Understanding Assessment Administration

What Is the Administration of Assessment?

Administration of assessment includes the policies and procedures that govern how standardized assessments are distributed, proctored, and administered. Often, these guidelines are created to increase consistency and safeguard test results.

Sometimes, the administration of assessment has “high stakes”–meaning that decisions about students, teachers, schools, or districts are based on their scores and can result in punishments (sanctions, reduced funding, negative publicity) or accolades (grade promotion, diplomas). This type of assessment is called a high-stakes assessment.

Pre-Assessment

Pre-assessment occurs at the beginning of a lesson, unit or introduction to a new topic. It reveals students’ incoming knowledge, recognizes misconceptions about a subject or topic and is used to inform instruction.

Teachers can administer pre-assessments using a variety of formats. For example, a survey at the start of a year can help identify students learning styles, multiple intelligences and interests. This information can then be used when planning lessons and grouping students for future projects.

A quick pre-assessment can save time in class by providing the teacher with essential data to guide their lesson planning. It can also help the teacher understand the students’ confidence levels in relation to a new subject. This allows the teacher to identify students who may need extra support and to address any concerns or barriers early on. In this way the teacher can ensure all students are positioned for success. This approach is consistent with differentiated instruction as described by Amy Benjamin.

Interim Assessment

Interim assessments help educators paint a portrait of student understanding and identify topics students may be struggling with. They are a type of pre-assessment used for instructional decision making and often administered in place of traditional benchmark assessments.

For example, teachers can use a Smarter Balanced interim that matches the scope and sequence of their teaching to provide data on student progress throughout the year. The NGSS interims are designed to focus on discrete blocks of content aligned to the NGSS performance expectations, and they provide educators with raw scores and percent correct for each item cluster in an assessment.

MAP Growth offers both ELA and math interims that meet the needs of classrooms across a range of learning levels. These assessments are given periodically over a period of time that allows for enough instructional time to measure student growth with confidence, including learners who perform at, above, or below grade level. These reports give educators insight into student achievement patterns and support their growth plans for their students.

Formative Assessment

Formative assessment is a human-centered process that helps educators and students engage in responsive teaching and learning. It involves ongoing, low- or no-stakes assessments conducted during instruction that help identify misconceptions and gaps in understanding. It is a collaborative learning process and it should be integrated into the classroom curriculum.

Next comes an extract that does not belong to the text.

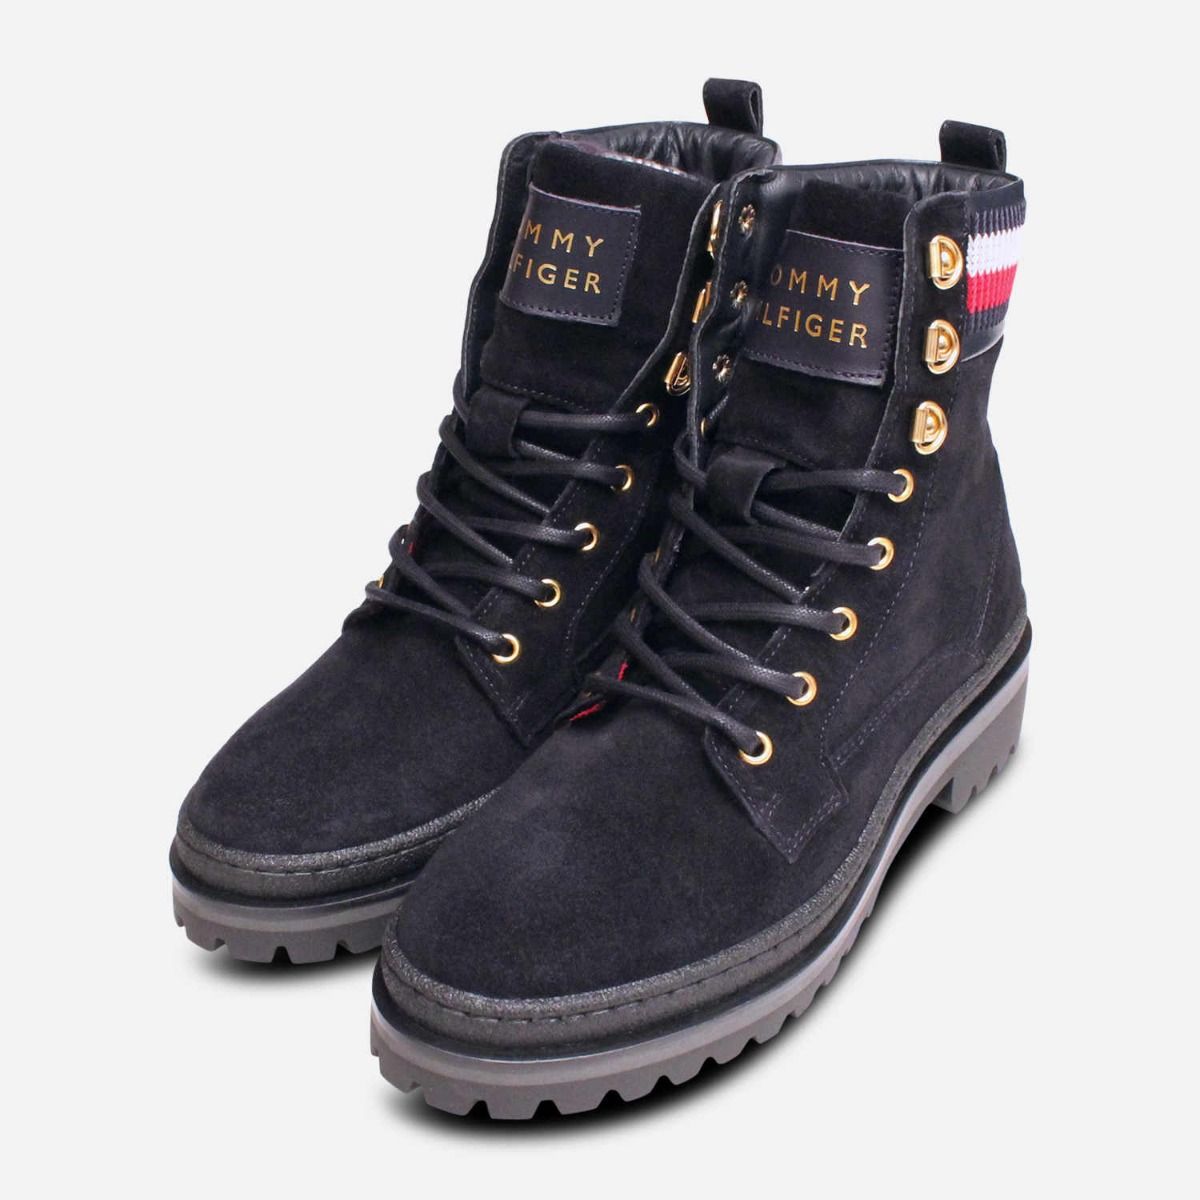 tommy hilfiger navy boots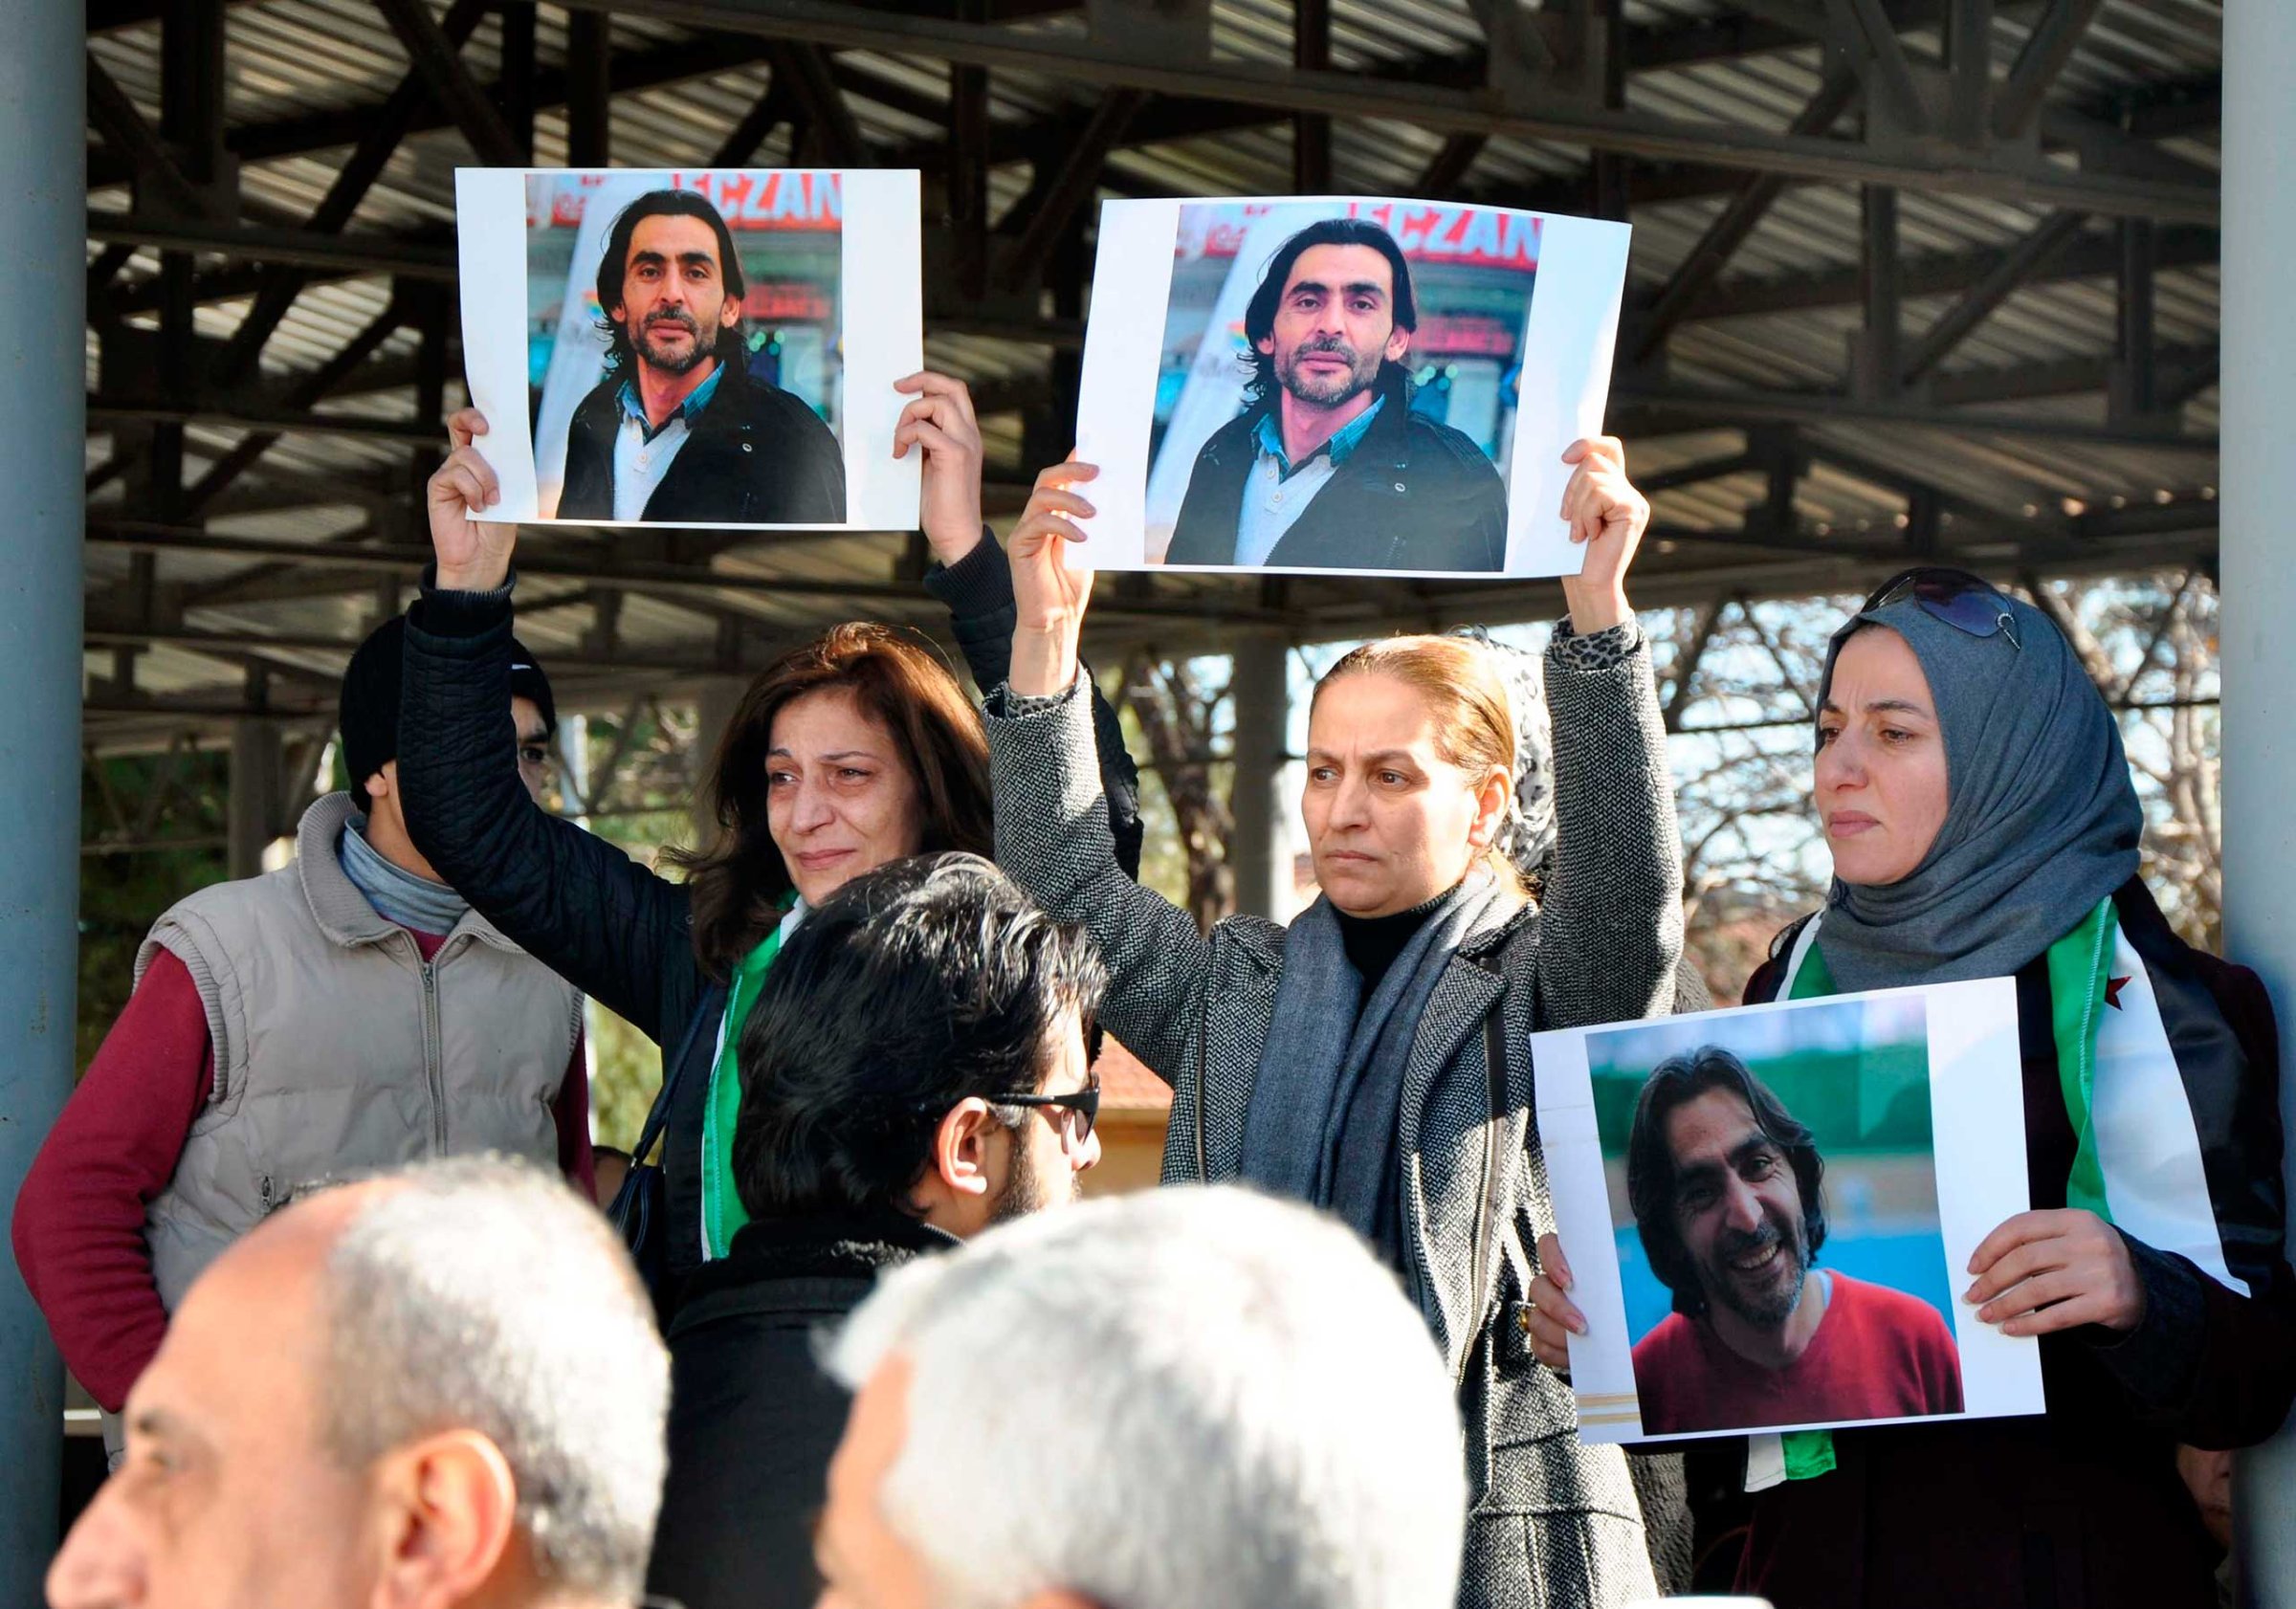 Women hold pictures of film maker Naji Jerf, a citizen journalist with the anti-ISIS activist group Raqqa is Being Slaughtered Silently, who was killed Dec. 27 in Gaziantep, Turkey, on Dec. 28, 2015.

Formative assessments can include open-ended discussions, debates, concept maps, or even peer evaluations. The key is to use multiple methods of assessment, as these will allow instructors to get a more accurate picture of student learning levels.

Effective formative assessment requires teachers to have four basic skills: domain knowledge, pedagogical content knowledge, understanding of students, and an ability to assess their own teaching. The process also involves matching instruction to the gap between what students are currently learning and the desired learning goal. If the next instructional steps are too hard for students, frustration will result; if they are too easy, boredom or disaffection will set in.

Summative Assessment

Summative assessment occurs at the end of an instructional period and evaluates student learning based on what has been taught. It is often associated with final projects, standardized tests or district benchmarks. Teachers use this method of evaluation to determine whether or not students have mastered the content, compare their grades to those of their peers, make course placement decisions, or assess their educational programs.

The challenge of this type of evaluation is to ensure that it is valid, reliable and manageable for both faculty and students. It is important to create a variety of assessments that measure different aspects of learning and engage students with multiple formats and question types. This helps prevent the competition that can develop between students and reduces the stress that comes from a single exam or assignment. Instructors can also improve the manageability of summative assessment by providing feedback without or before grading, as well as by creating rubrics that clearly outline the criteria and expectations for each project.